Мало что изменит в украинском социуме и принятие Европейской хартии о защите региональных языков (языков национальных меньшинств):

– во-первых, региональные языки не имеют никакого отношения к языкам национальных меньшинств (первым термином следовало бы обозначать языки, которые понятны большинству населения определенных регионов, как правило, приграничных, независимо от национальности на уровне общения, и которые не входят в национальный язык, например, польский язык в Галичине);

– во-вторых, для представителей постсоветского пространства термин «нацмен» оскорбителен, поскольку он унижает достоинство практически всех национальностей, кроме так называемой «титульной нации» (он был внедрен в народное сознание в сталинскую эпоху и должен быть заменен на понятие «языки национальностей», которые на равноправных основаниях входят в общенациональный язык);

– в-третьих, русский язык на территории Украины не является языком национальности, ведь языки национальностей функционируют в ограниченных определенной территорией местах их компактного проживания, а русский так или иначе знают все (поэтому нелепым выглядит перевод русских фильмов и передач на украинский язык), и он обслуживает разные национальности в масштабах всего государства.

Миф 2. Один государственный язык укрепит украинскую нацию. На самом деле в многонациональном государстве, каким является Украина, чем больше средств и форм выражения национального самосознания, национальной психологии и философии, тем богаче нация (единство в многообразии). Причем эти формы могут быть самыми разными, поскольку все они укрепляют национальный украинский язык, куда входят общелитературный язык, языки национальностей, диалекты, жаргоны, фольклор, живопись, музыка, архитектура как носители национально-языковой картины мира – менталитета, психологии и философии единой украинской нации. Это тем более относится к украинскому и русскому языкам, которые объективно являются государственными (хотят этого политики или нет, записано ли это в Конститутции или нет), поскольку ими в той или иной степени владеет большинство населения государства вне зависимости от национальности или территории проживания.
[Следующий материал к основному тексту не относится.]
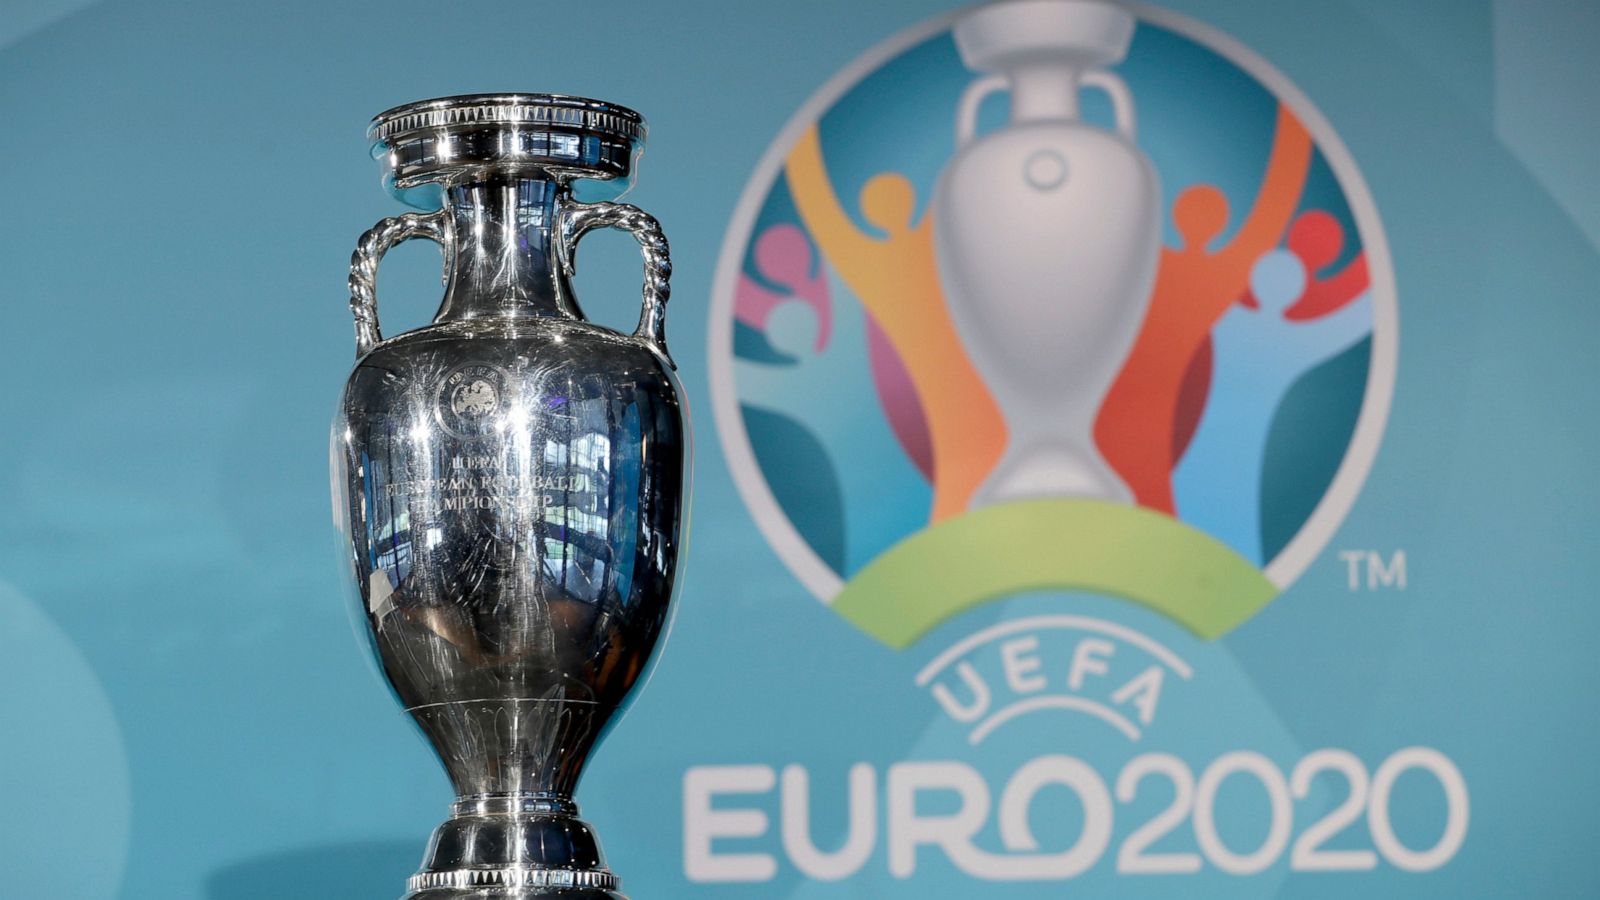 UEFA postpones Euro 2020 by 1 year because of pandemic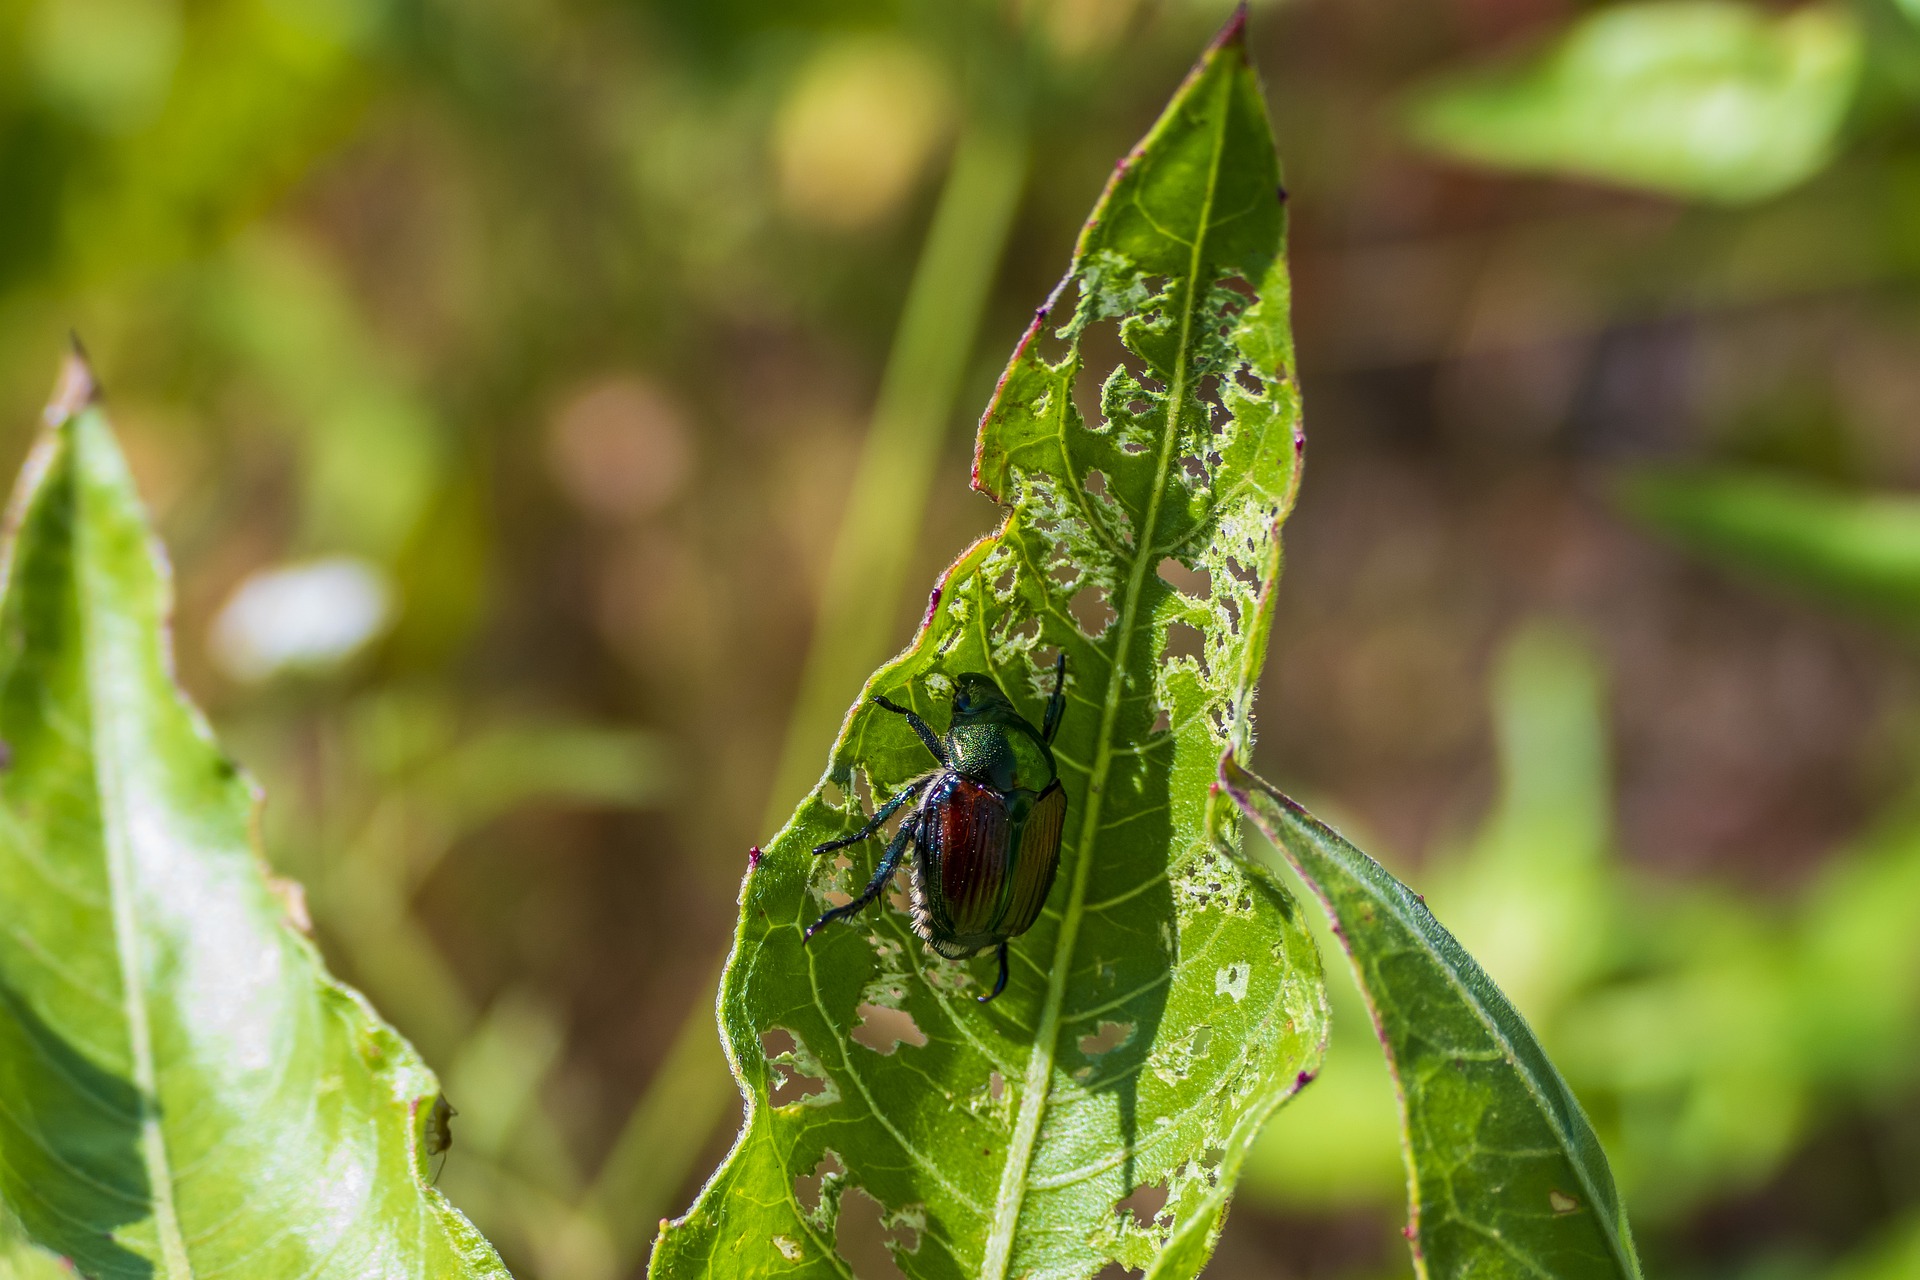 Japanese beetle on leaf.

С этой точки зрения кажутся совсем не парадоксальными сетования отдельных национально озабоченных политиков о том, что русский язык в отличие от других языков «национальных меньшинств» не нуждается в защите: «Стан мов цих меншин цілком задовільний, оскільки українське законодавство і практика традиційно приділяють пильну увагу захистові прав національних меншин, у тому числі й мовних прав. Серед перелічених мов найсильніші позиції має російська, яка, як відомо, була панівною мовою в СРСР і продовжує широко використовуватися у межах всієї України, особливо в її східній частині».

Действительно, эти два языка нужно не защищать, а глубоко изучать в школах, пропагандировать в средствах массовой информации, в кино, театрах и т.п. Украинский язык при этом как государственный официальный (т.е. как язык, юридически представляющий интересы отдельных граждан в Украине и Украину в целом на международном уровне) необходимо изучать еще и как профессиональный на уровне высшей школы. В отношении же отдельных национальностей (например, греческой, татарской, культуры которых нуждаются в защите), следует проводить политику, направленную на развитие их языков, используя для этого различные формы национального самовыражения: путем открытия в местах их компактного проживания национальных учебных заведений, путем учреждения национальных средств массовой информации и т.п.

Миф 3. Украинская литература – это литература, написанная на украинском языке. Если под национальным языком понимать множественность и разнообразность форм проявления национального характера и мировосприятия, то под украинской литературой – одной из главных составляющих общности нации – следует понимать литературу, которая создает эту общность, независимо от того, на каком языке она написана. В этом контексте любое искусственное ограничение эстетично-культурологической функции литературы (национального языка) приводит к расшатыванию и разрушению национальной конструкции.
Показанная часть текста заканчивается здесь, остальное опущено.